'How many?'
'Twenty-five—deliver!'
Mazaud was doubtless now executing some of the orders received from Fayeux. Many provincial gamblers, with a view to limiting their losses, buy and sell on option before venturing to launch out into obligatory transactions. However, all at once a rumour spread and spasmodic shouts arose. There had just been a fall of five francs in Universals, and then in swift succession came another and another drop, so that the price became three thousand and twenty-five.
Jantrou, who had just come back after a short absence, was just then whispering to Saccard that the Baroness Sandorff was in her brougham in the Rue Brongniart, and desired to know whether she ought to sell. Coming at the very moment of the fall, this question fairly exasperated Saccard. In his mind's eye he could see the coachman perched motionless upon his box, whilst inside the carriage, the windows of which were closed, sat the Baroness, consulting her memorandum-book as though at home.
'Let her go to Jericho!' he answered; 'and if she sells, I'll strangle her!'
He had scarcely spoken when, at the announcement of the fall of fifteen francs, Massias came running up as if in response to an alarm-bell, feeling that his services would certainly be required. And indeed Saccard, who had prepared a skilful move for forcing up the last quotations—a telegram which was to be sent from the Lyons Bourse, where a rise was certain—had begun to feel rather anxious at the telegram's non-arrival, for this precipitate drop of fifteen francs might bring about a disaster.
Like a shrewd fellow, Massias did not stop in front of him, but nudged his elbow as he passed, and, eagerly lending ear, at once received his orders: 'Quick, to Nathansohn; four hundred, five hundred, whatever may be necessary!'
This was all managed so swiftly that Pillerault and Moser were the only ones to notice it. They started after Massias, in order to find out his intentions. Now that he was in the pay of the Universal, the remisier had acquired great importance. People tried to 'pump' him, to read over his shoulder the orders which he received. And he himself now made superb profits. This smiling, good-natured, unlucky fellow, whom fortune had previously treated so harshly, was astonished by his present success, and declared that this dog's life at the Bourse was endurable after all. He no longer said that a man must needs be a Jew in order to make his way.

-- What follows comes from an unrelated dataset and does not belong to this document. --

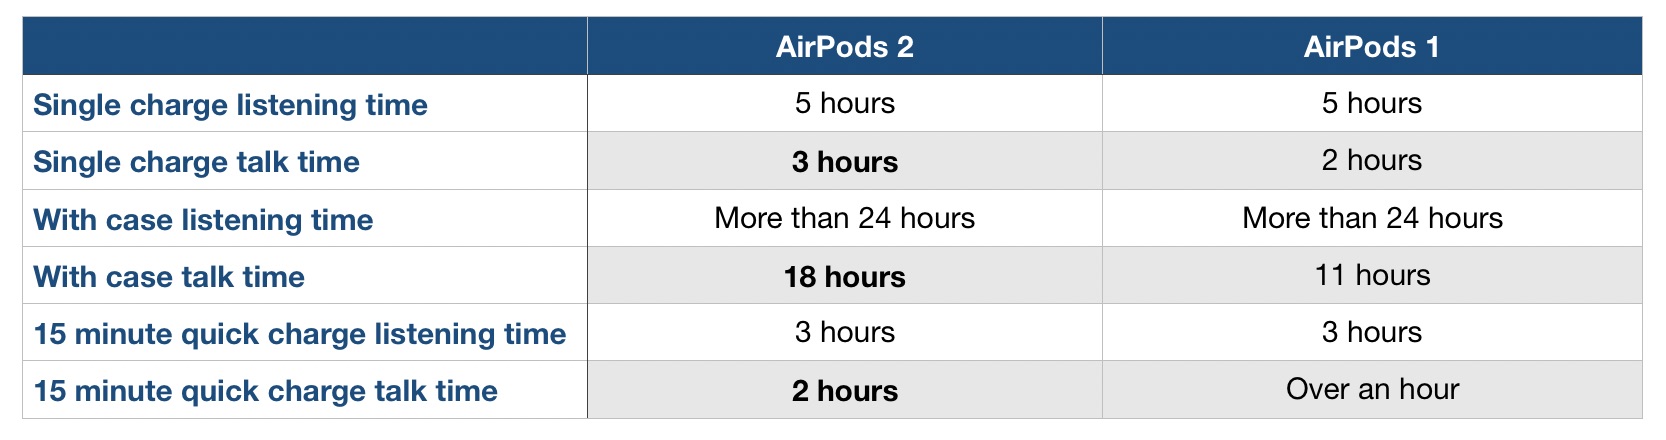 AirPods 2 battery life

At the coulisse, in the freezing air which swept through the peristyle, and which the pale afternoon sun did little to warm, Universals had fallen less rapidly than at the corbeille. And Nathansohn, warned by his acolytes, had just executed the deal which Delarocque had been unable to effect at the opening: buying in the hall at three thousand and twenty-five, he had sold again under the colonnade at three thousand and thirty-five. This did not take three minutes, and he made sixty thousand francs by the stroke. The purchase at the corbeille had already sent the shares up again to three thousand and thirty, by that balancing effect which the authorized and tolerated markets have one upon another. From the hall to the peristyle there was an incessant gallop of clerks, elbowing their way through the crowd with orders. Nevertheless, prices were about to weaken at the coulisse, when the order which Massias brought Nathansohn sustained them at three thousand and thirty-five, and even raised them to three thousand and forty; the consequence being that at the corbeille the stock again rose to the opening quotation. However, it was difficult to maintain that figure; for evidently enough the tactics of Jacoby and the other 'bear' brokers were to reserve the large sales until the last half-hour, when, amid the confusion, they hoped to overwhelm the market with them and precipitate a collapse.

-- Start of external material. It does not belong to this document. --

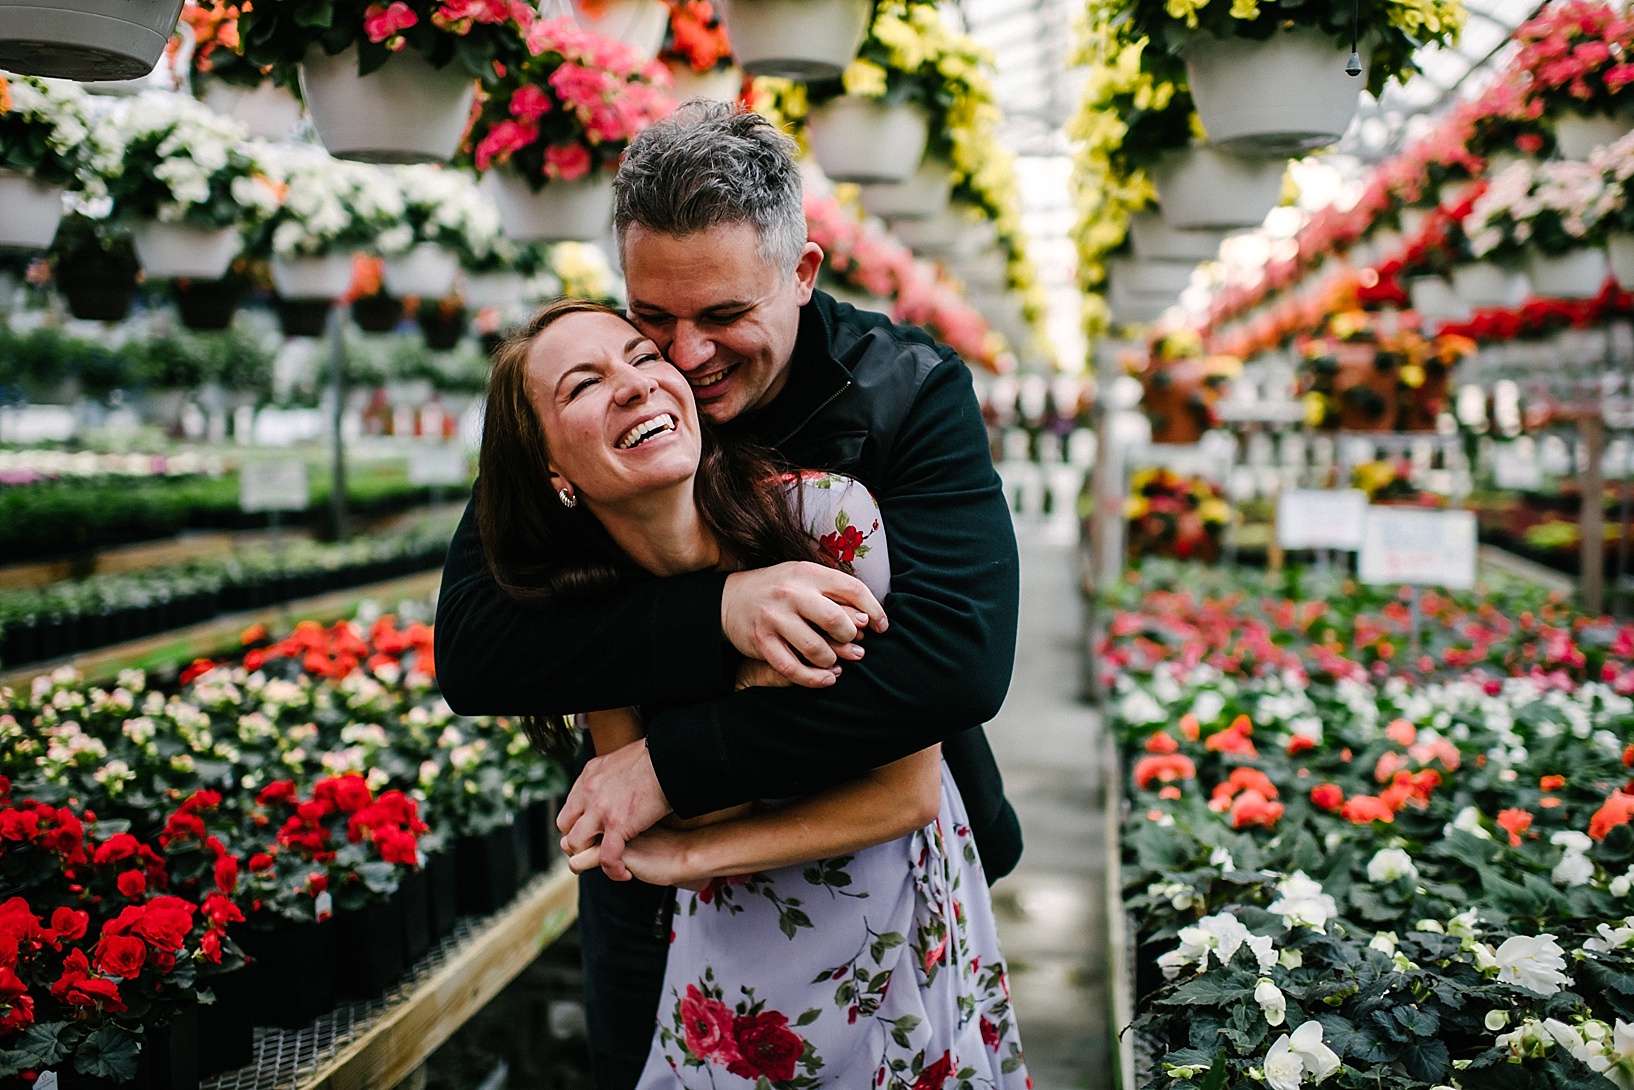 man hugging woman wearing floral dress in a greenhouse

Saccard understood the danger so clearly that he made a preconcerted sign to Sabatani, who was standing a few steps away, smoking a cigarette with the unconcerned, languid air of a ladies' man. And on observing his patron's signal he at once slipped through the crowd, with all the suppleness of a snake, and made his way to the 'Guitar,' whence, with his ears on the alert, ever attentive to the quotations, he did not cease sending Mazaud orders inscribed upon green fiches, of which he held a large supply. None the less, however, so determined was the attack of the 'bears' that Universals again fell five francs.